━━━━━ Supplied records ━━━━━

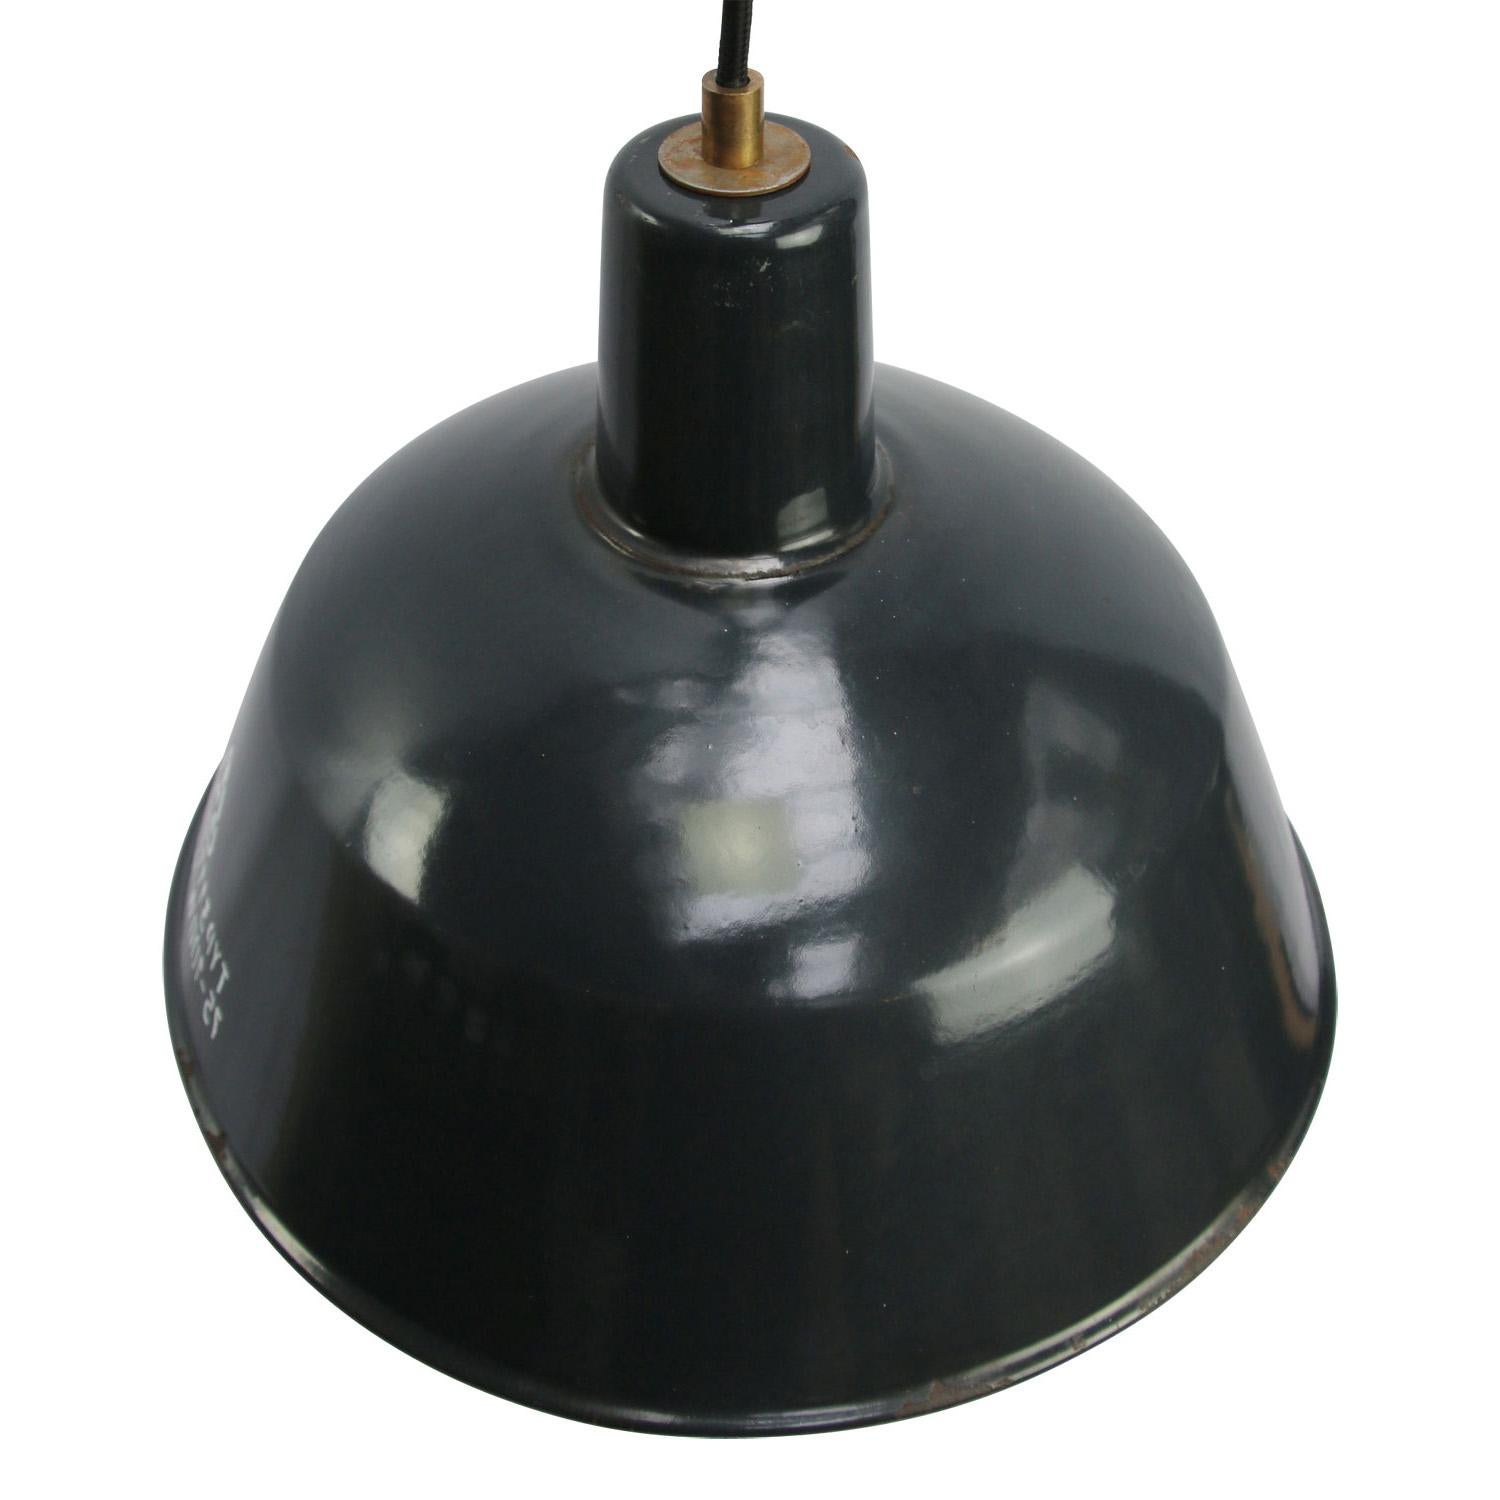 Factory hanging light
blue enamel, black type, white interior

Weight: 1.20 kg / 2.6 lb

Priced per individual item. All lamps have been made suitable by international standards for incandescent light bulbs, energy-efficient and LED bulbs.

━━━━━
━━━━━ Supplied records ━━━━━

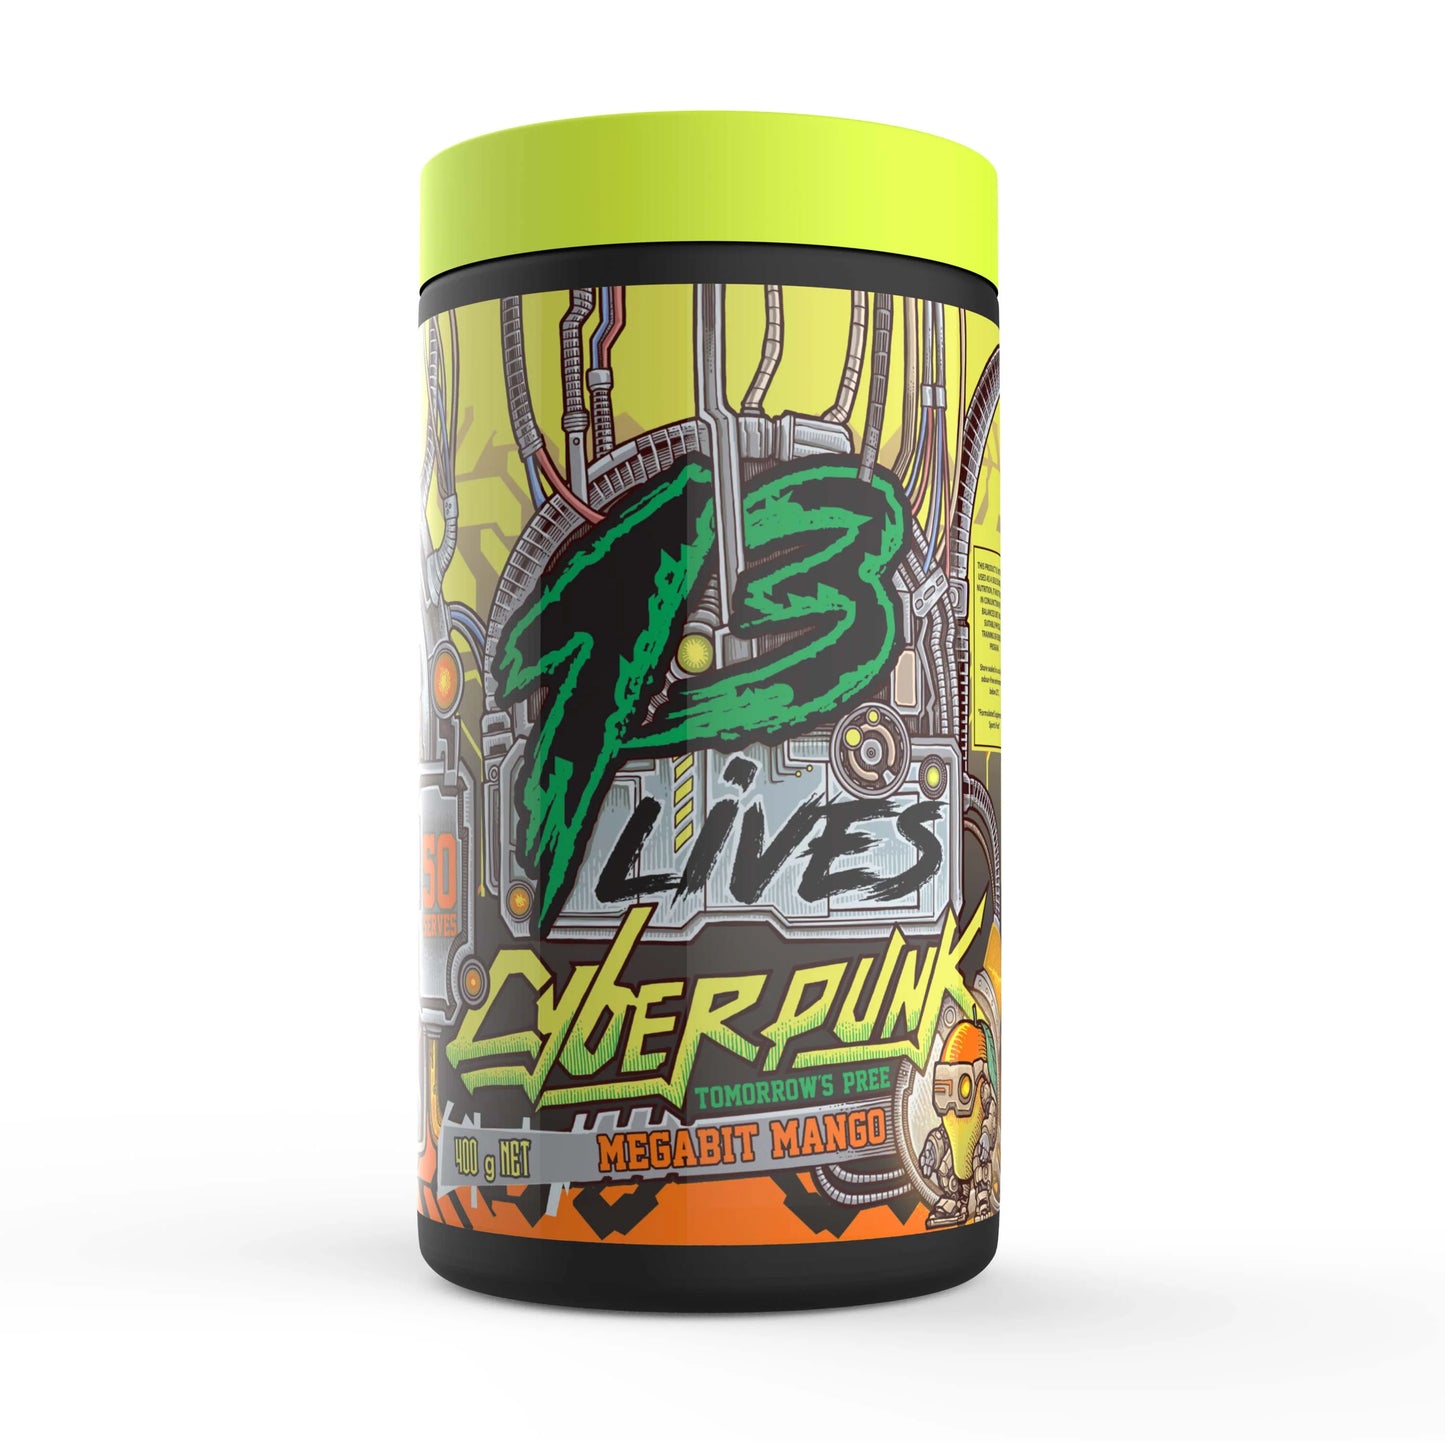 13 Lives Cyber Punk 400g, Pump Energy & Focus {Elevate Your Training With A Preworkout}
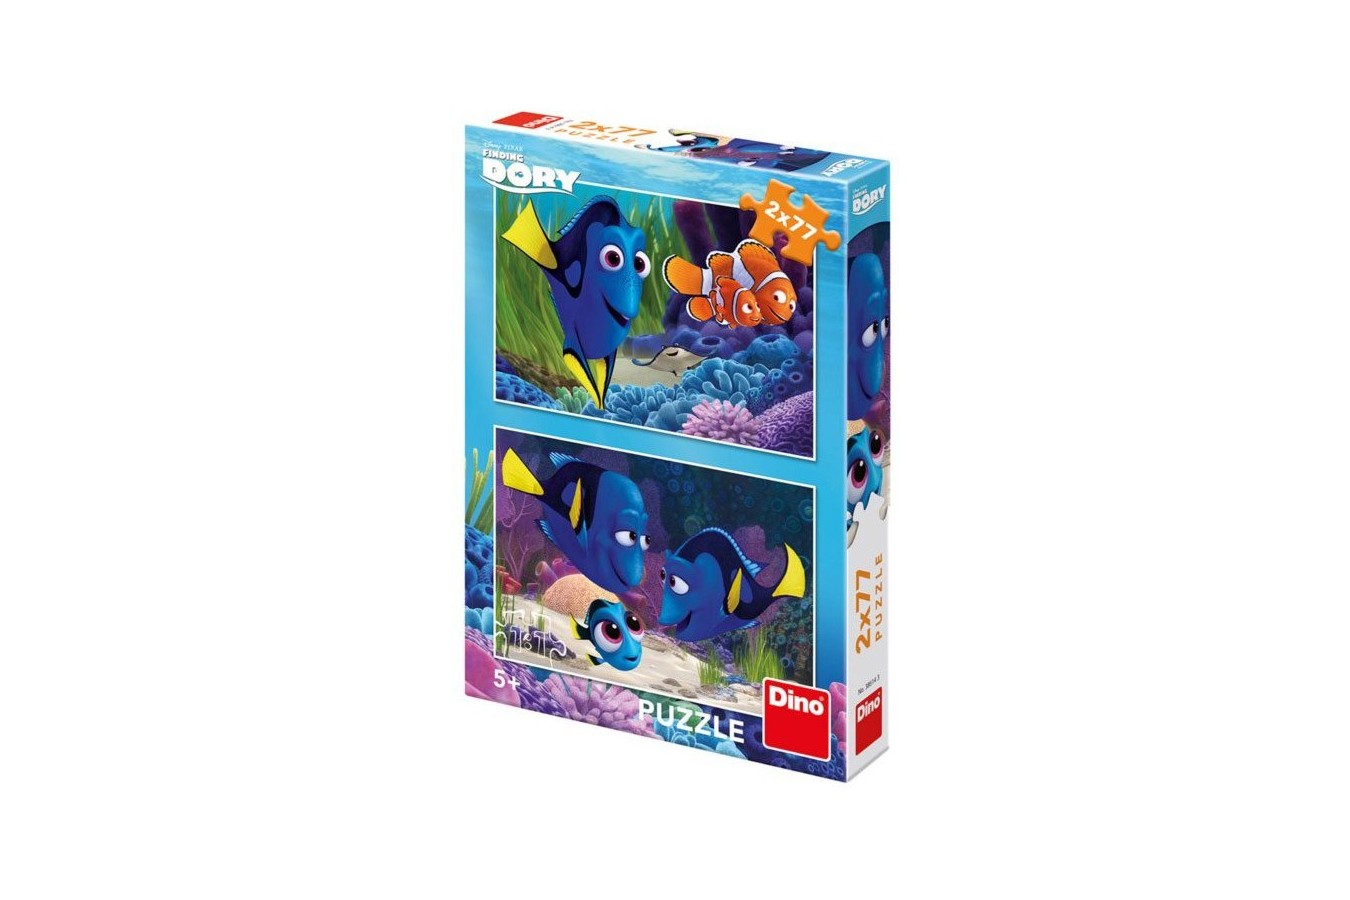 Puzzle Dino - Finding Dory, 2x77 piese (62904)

━━━━━
━━━━━ Supplied records ━━━━━

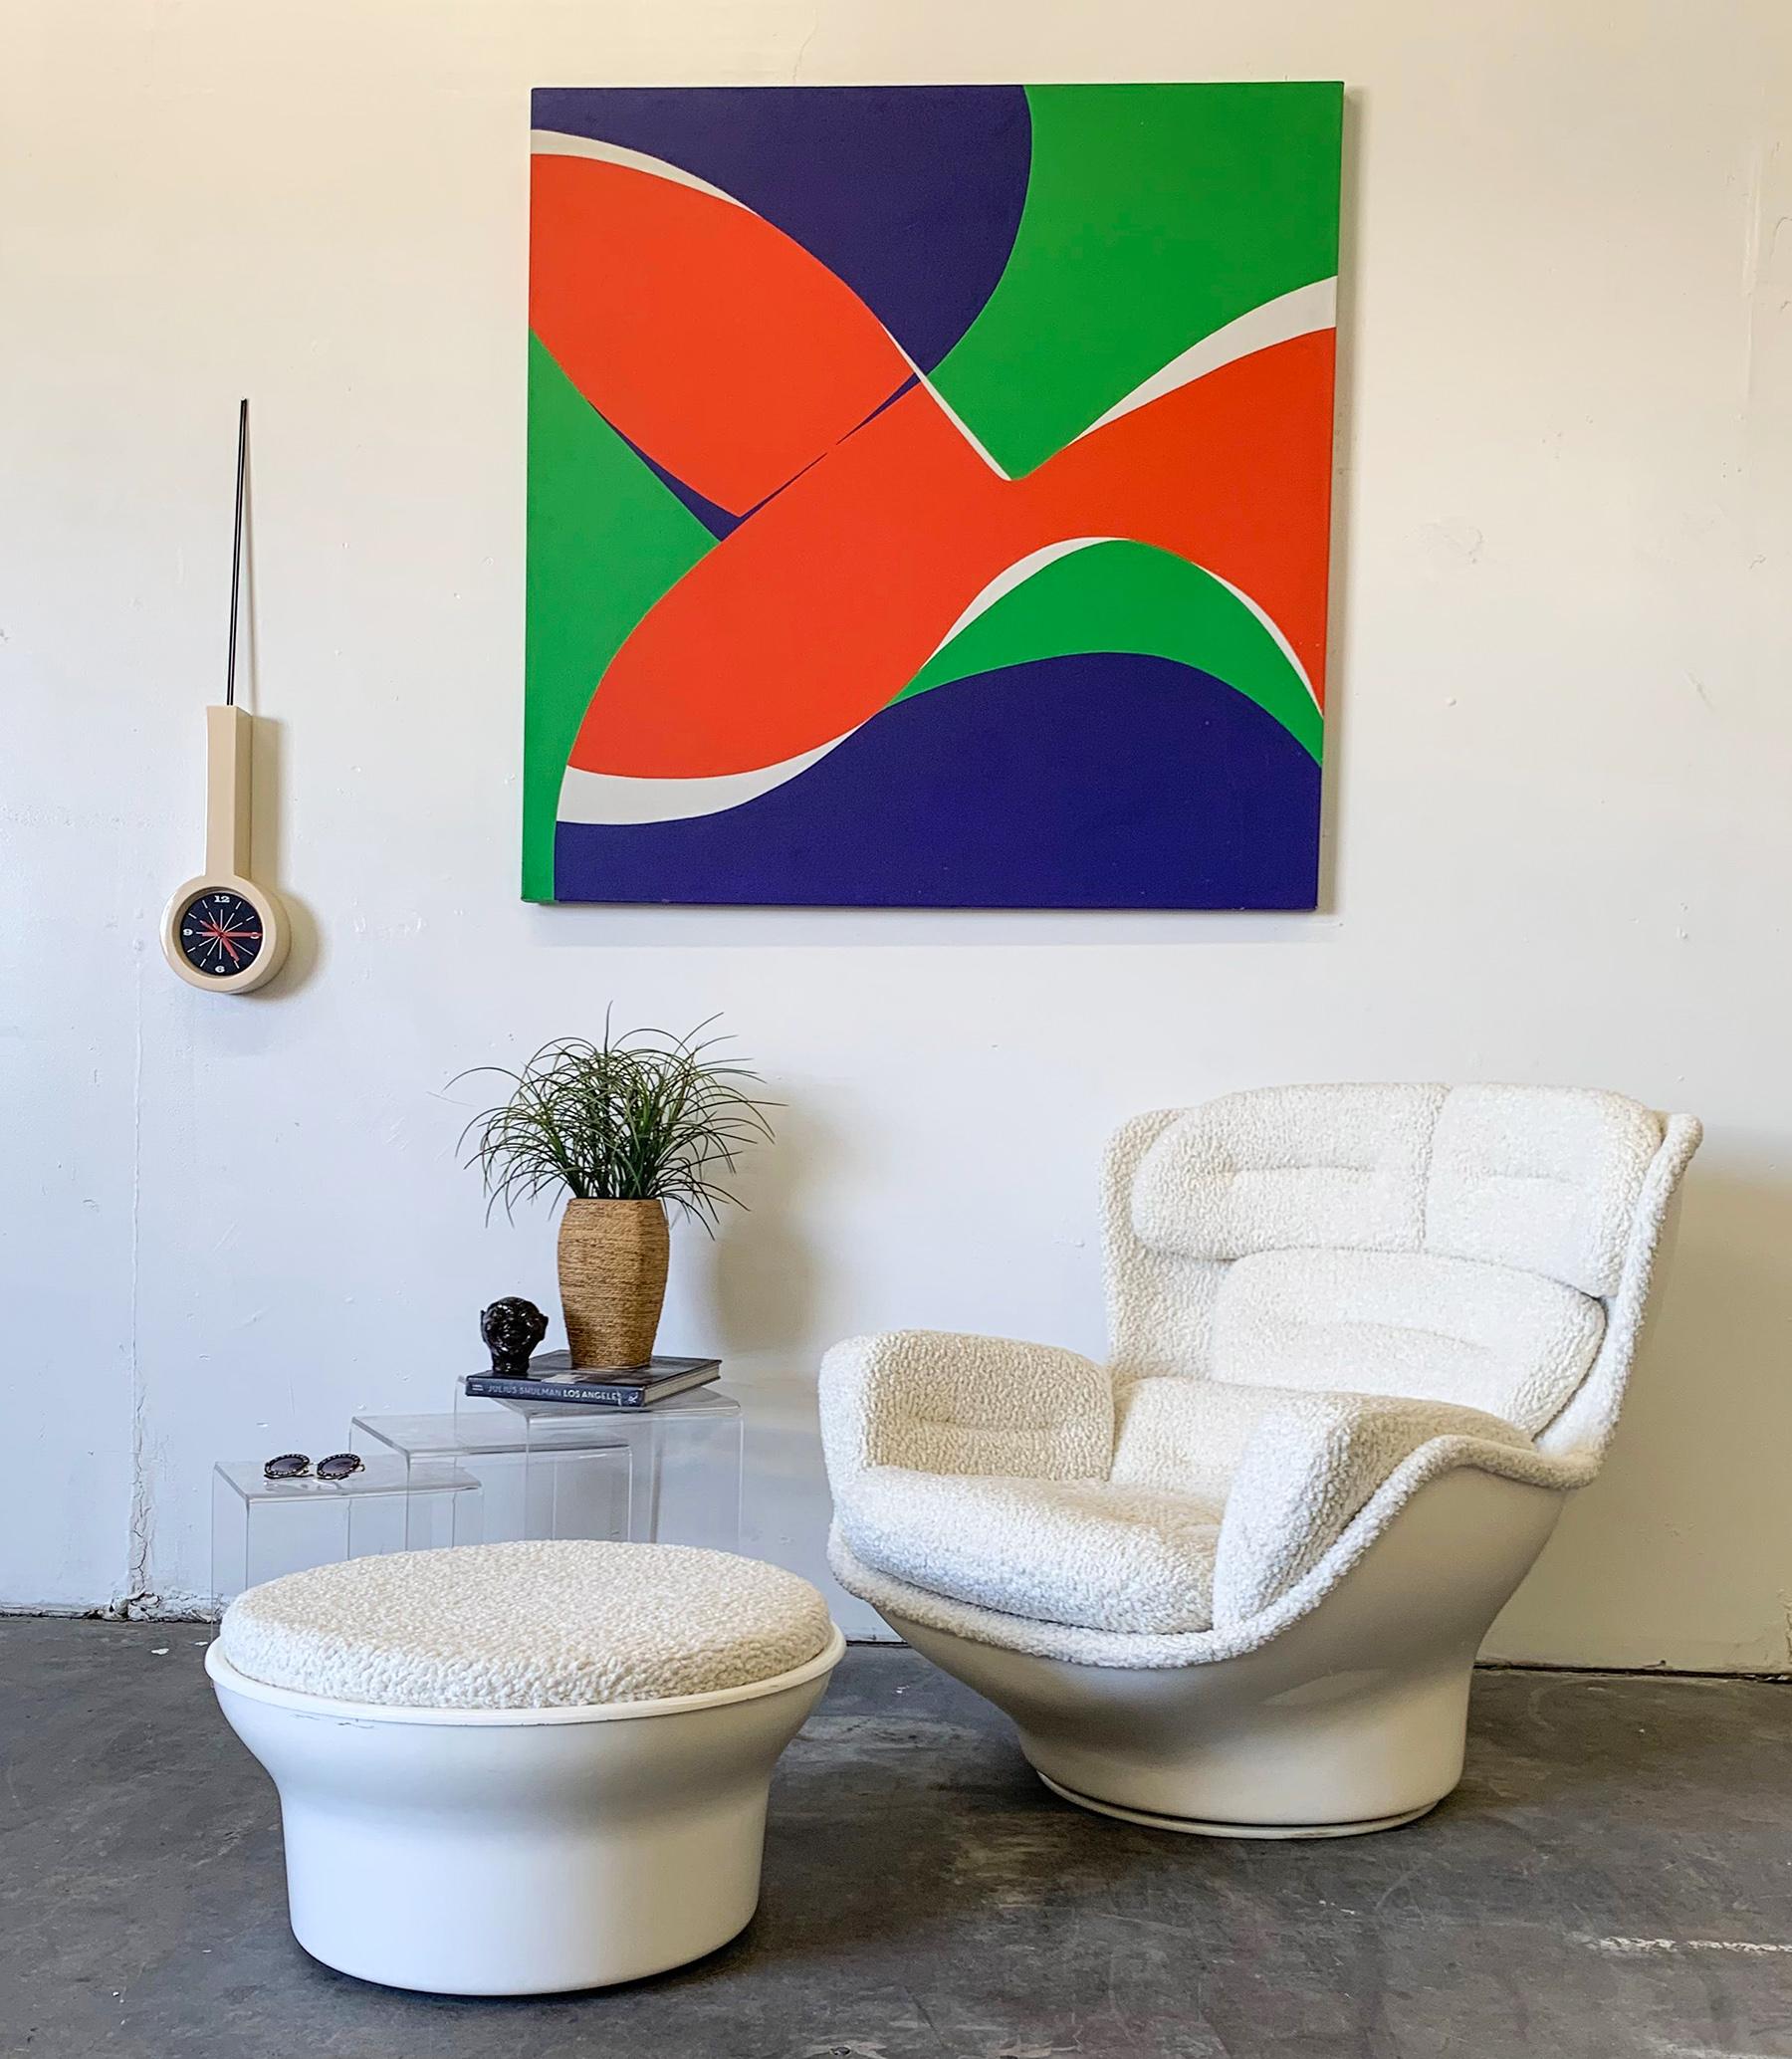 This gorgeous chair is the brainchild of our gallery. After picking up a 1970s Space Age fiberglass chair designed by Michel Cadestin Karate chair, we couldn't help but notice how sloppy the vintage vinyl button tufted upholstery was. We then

━━━━━

**Directions:**
What is needed is an exact copy of the lines above, from the one containing "Weight: 1.20 kg / 2.6 lb" through the one containing "Priced per individual", with nothing added.

**Written response:**
Weight: 1.20 kg / 2.6 lb

Priced per individual item. All lamps have been made suitable by international standards for incandescent light bulbs, energy-efficient and LED bulbs.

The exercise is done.